I have drawn this image to explain the problem. Consider the below situation:
Information:
We have an ellipse of size $~a~ (X$ axis$)$ and $~b~ (Y$ Axis$)$. We know these values.
Given the angle $~α~$, we know that point $~P~$ is $~(a\cos α, b\sin α)~$. $($we also know the value of $~α)$
Problem:
What I really want to determine is the coordinates of $~P'~$, which is the point where the line $~OA~$ intersects the ellipse.
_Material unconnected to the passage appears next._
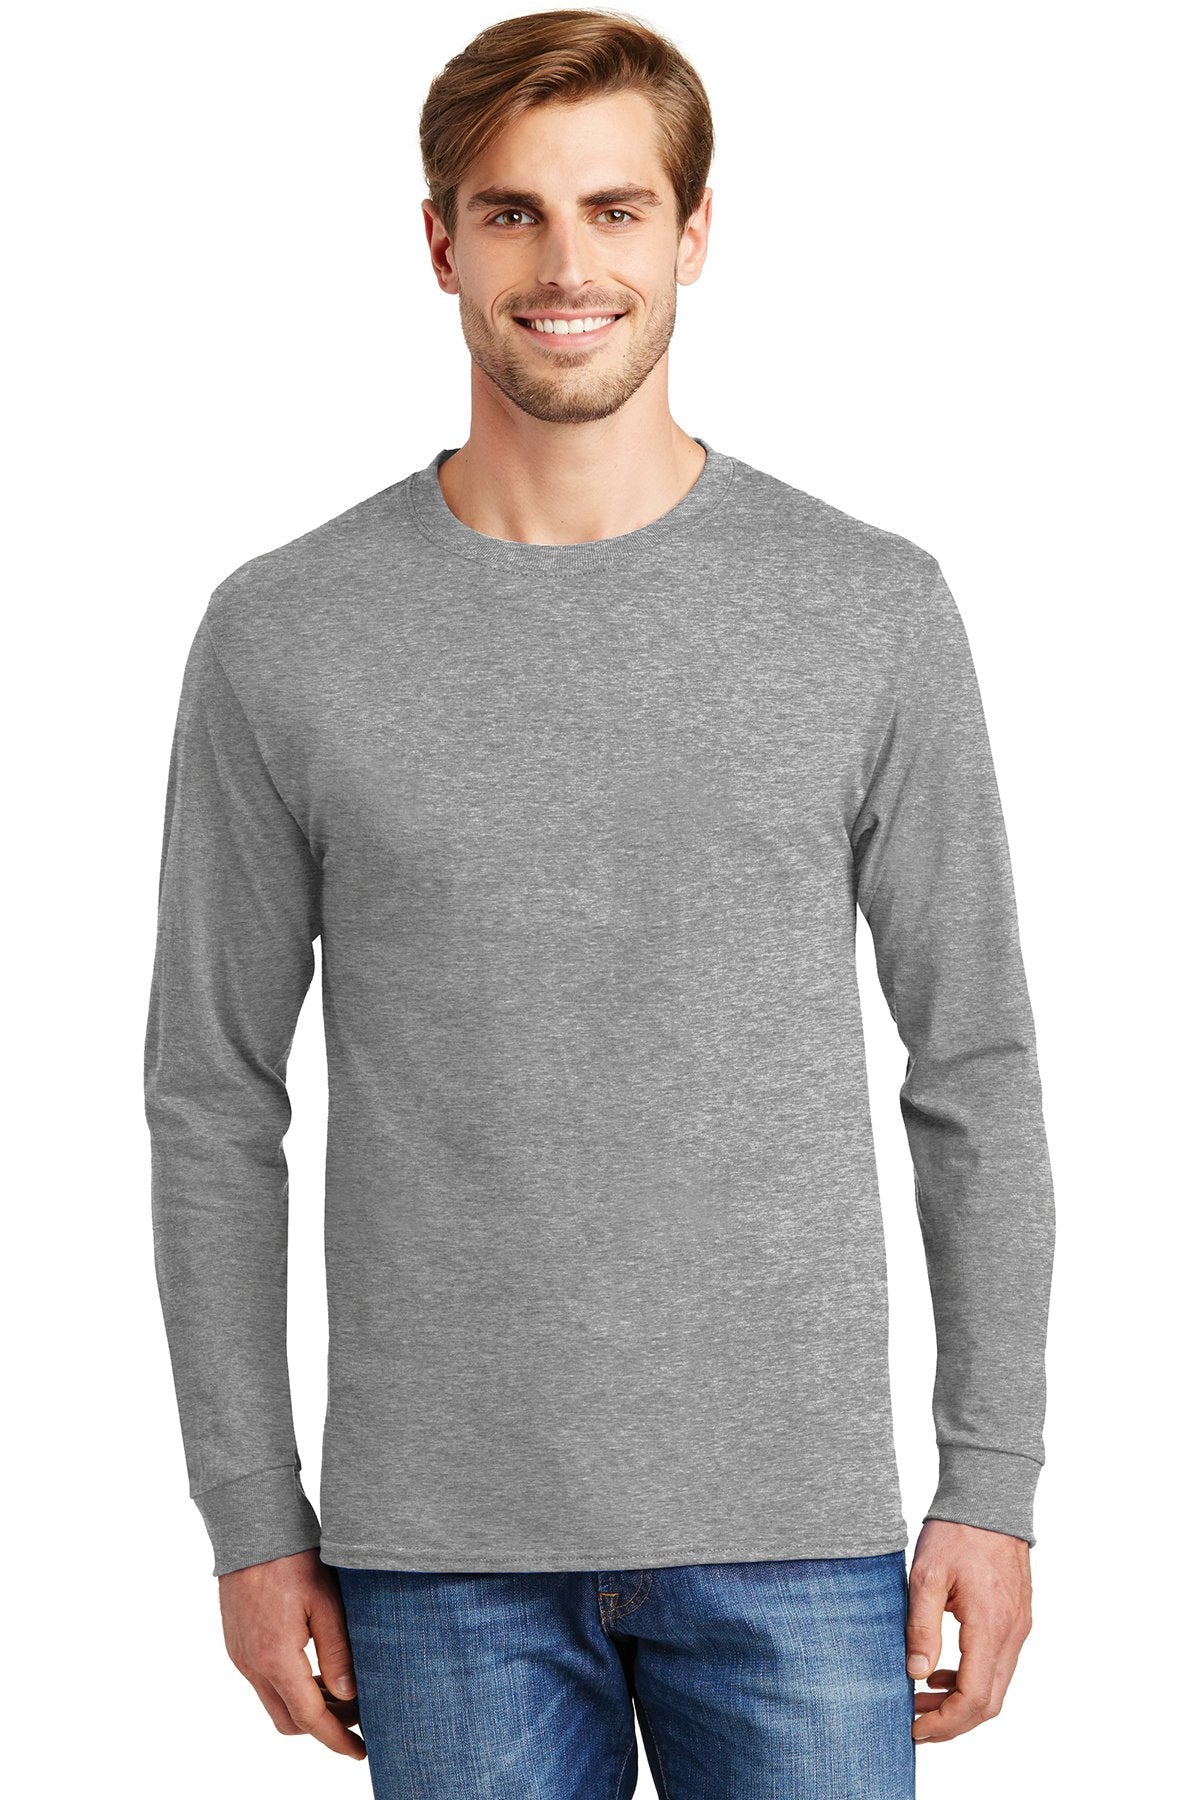 Hanes Tagless Cotton Long Sleeve T Shirt in Light Steel, add a custom ...
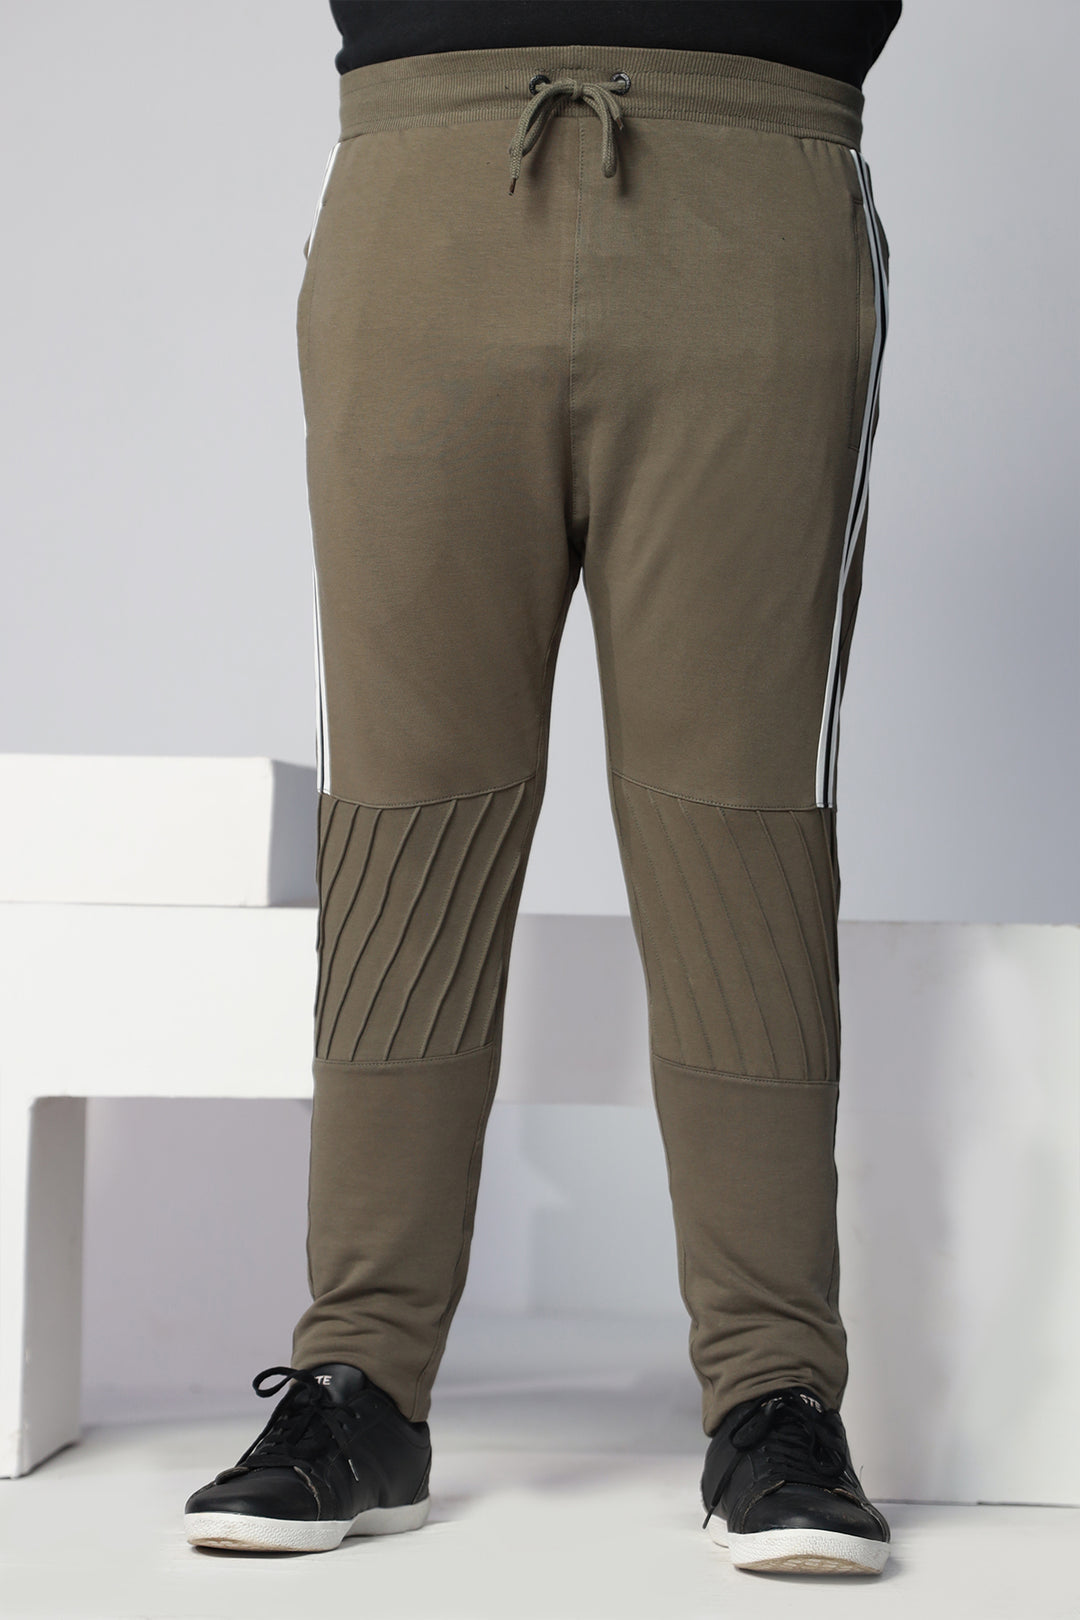 Men's Plus Size Pintux Trouser Online in Pakistan

I am not interested in $~P~$. As such, the difficulty I am having is that I want to determine the coordinates of point $~P'~$. $~P'~$'s coordinates will be $~(a\cos(α+β), b\sin(α+β))~$, so the real question becomes: How do I find $~β~$ ?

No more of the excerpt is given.